Pulickel Madhavapanicker Ajayan was born in 1962 in India, in a small town in the southern state of Kerala. He attended primary school there and then went to the state capital, to a high school that aroused his enthusiasm for learning, his curiosity, and his interest in science.
In 1985, Ajayan graduated in Metallurgical Engineering at Banaras Hindu University (BHU), located in northeastern India and then went on to do a PhD in Materials Science and Engineering at Northwestern University (USA). At that moment, he began to penetrate nanotechnology. In 1989, he defended his PhD thesis about very small gold particles that, some years later, would begin to be called “nanoparticles”.
In 1990, he moved to Japan to pursue a postdoctoral stage at the Fundamental Research Laboratory of the NEC Corporation, where he remained until 1993 in the group that was responsible for a series of seminal studies on carbon nanotubes – including the “discovery” of these nanomaterials, attributed to Sumio Iijima in 1991. During his postdoc, Ajayan obtained important results on the synthesis of nanotubes in large scale and on the filling of nanotubes with other materials.
From Japan, he went to France where he worked as a researcher at the Solid Physics Laboratory of the Université Paris-Sud for two years. Then he went to Germany, where he worked for a year and a half at the Max-Planck-Institut für Metallforschung. In 1997, he moved to the United States to become an assistant professor at the Rensselaer Polytechnic Institute (RPI), the nation’s oldest university of technological research, located in the state of New York. At RPI, he was the Henri Burlage chair Professor in Engineering and worked in the nanotechnology research group.
In 2007, he left RPI and joined the faculty of the Department of Mechanical Engineering and Materials Science at Rice University to be the Benjamin M. and Mary Greenwood Anderson professor of Engineering.
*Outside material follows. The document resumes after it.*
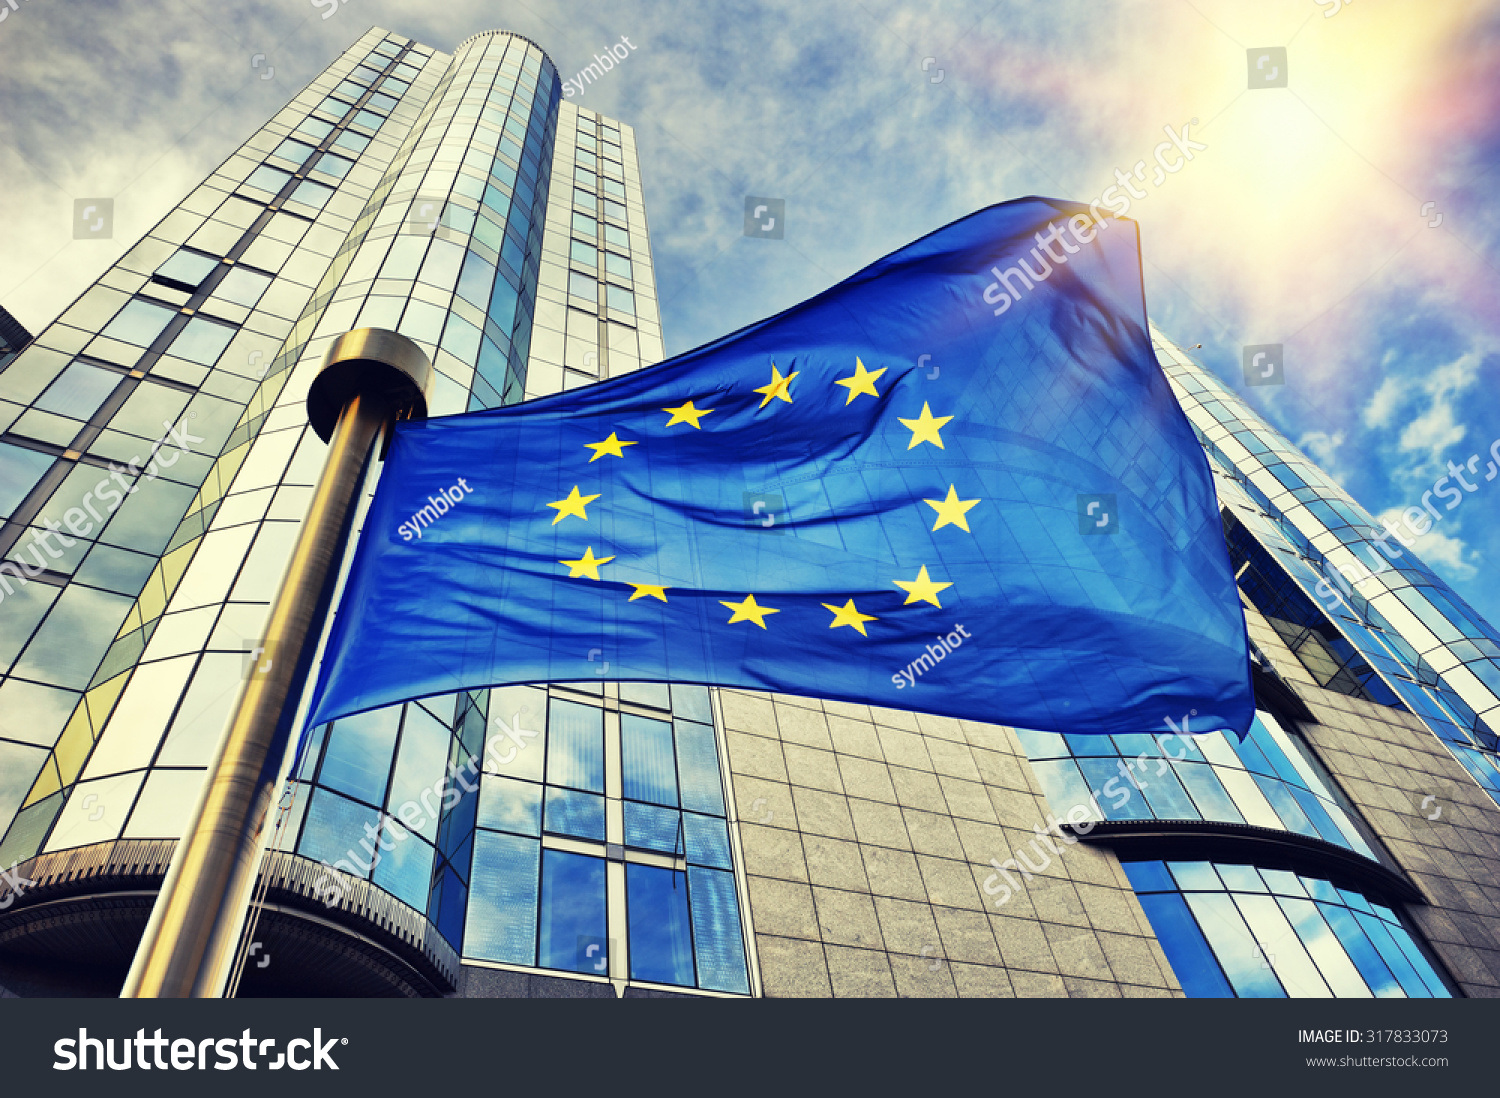 EU flag waving in front of European Parliament building. Brussels, Belgium #317833073

In 2014, he also held the founding chair of the Department of Materials Science and NanoEngineering.
Currently, in addition to teaching and leading a research group of about 40 members at Rice University, Ajayan travels a lot, whether to share his knowledge on nanotechnology (he has delivered more than 350 invited lectures and has held visiting professor positions at universities around the world), or to take care of his scientific collaborations. In addition, Ajayan has acted on the boards of several journals, startups and international conferences of the materials and nanotechnology field.
The scientist has received important awards from a number of institutions including the Royal Society of Chemistry (UK), Alexander von Humboldt Foundation (Germany), Materials Research Society (USA), Microscopic Society of America (USA). He also received distinctions of numerous universities around the world, including the doctorate honoris causa by the Université Catholique de Louvain (Belgium). He is an elected member of the Royal Society of Chemistry (UK), American Association for the Advancement of Science (AAAS), and the National Academies of Sciences of India and Mexico, among other scientific societies.
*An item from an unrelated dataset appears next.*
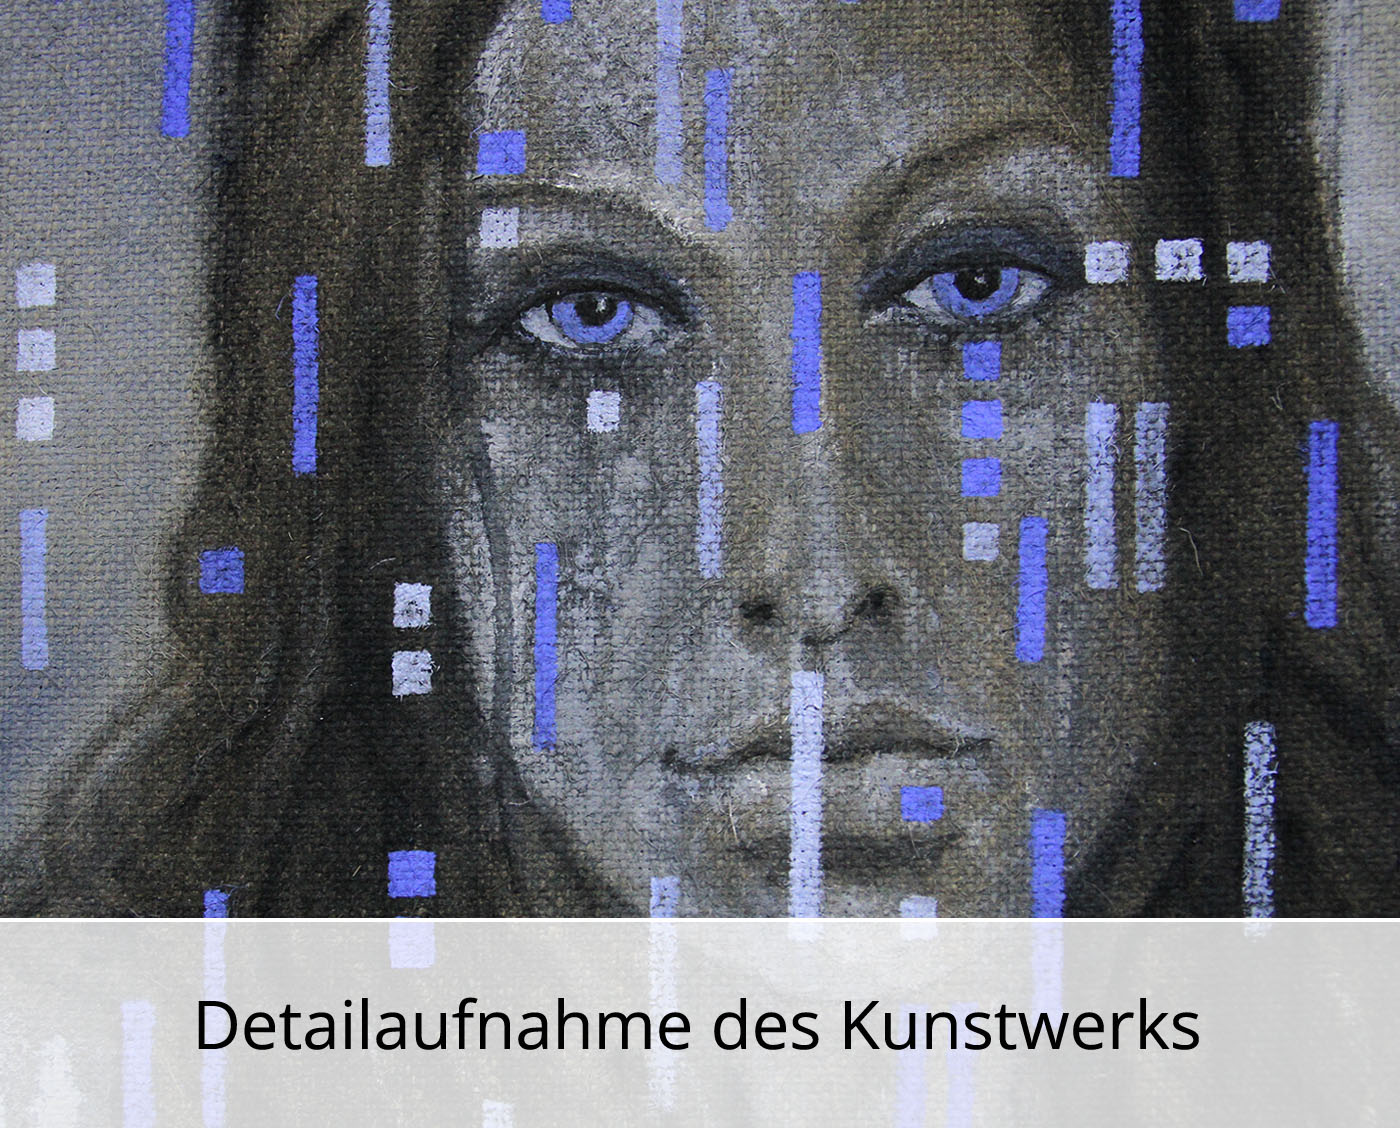 C. Blechschmidt: "Binäres Porträt", Original/Unikat, zeitgenössisches Ölgemälde

Here follows an interview with the scientist.
B-MRS newsletter: – We would like you to choose some of your contributions to nanotechnology, describe them briefly, and share the paper reference, if possible. Please choose:
– The one(s) you consider to have caused or will cause more social impact.
Pulickel Ajayan: – Several of our discoveries have commercial and social impact. In the past two decades some of the research highlights from our lab have been carbon nanotube arrays as extreme light absorbers (for thermo-photovoltaics), nanotube arrays as gecko-tapes, high conductivity carbon nanotube fibers, graphene oxide membranes for water filtration, carbon nanomaterials for energy storage, light weight polymer nanocomposites, development of two-dimensional materials for electronics and sensors, carbon based quantum dots as catalysis for example CO2 reduction etc.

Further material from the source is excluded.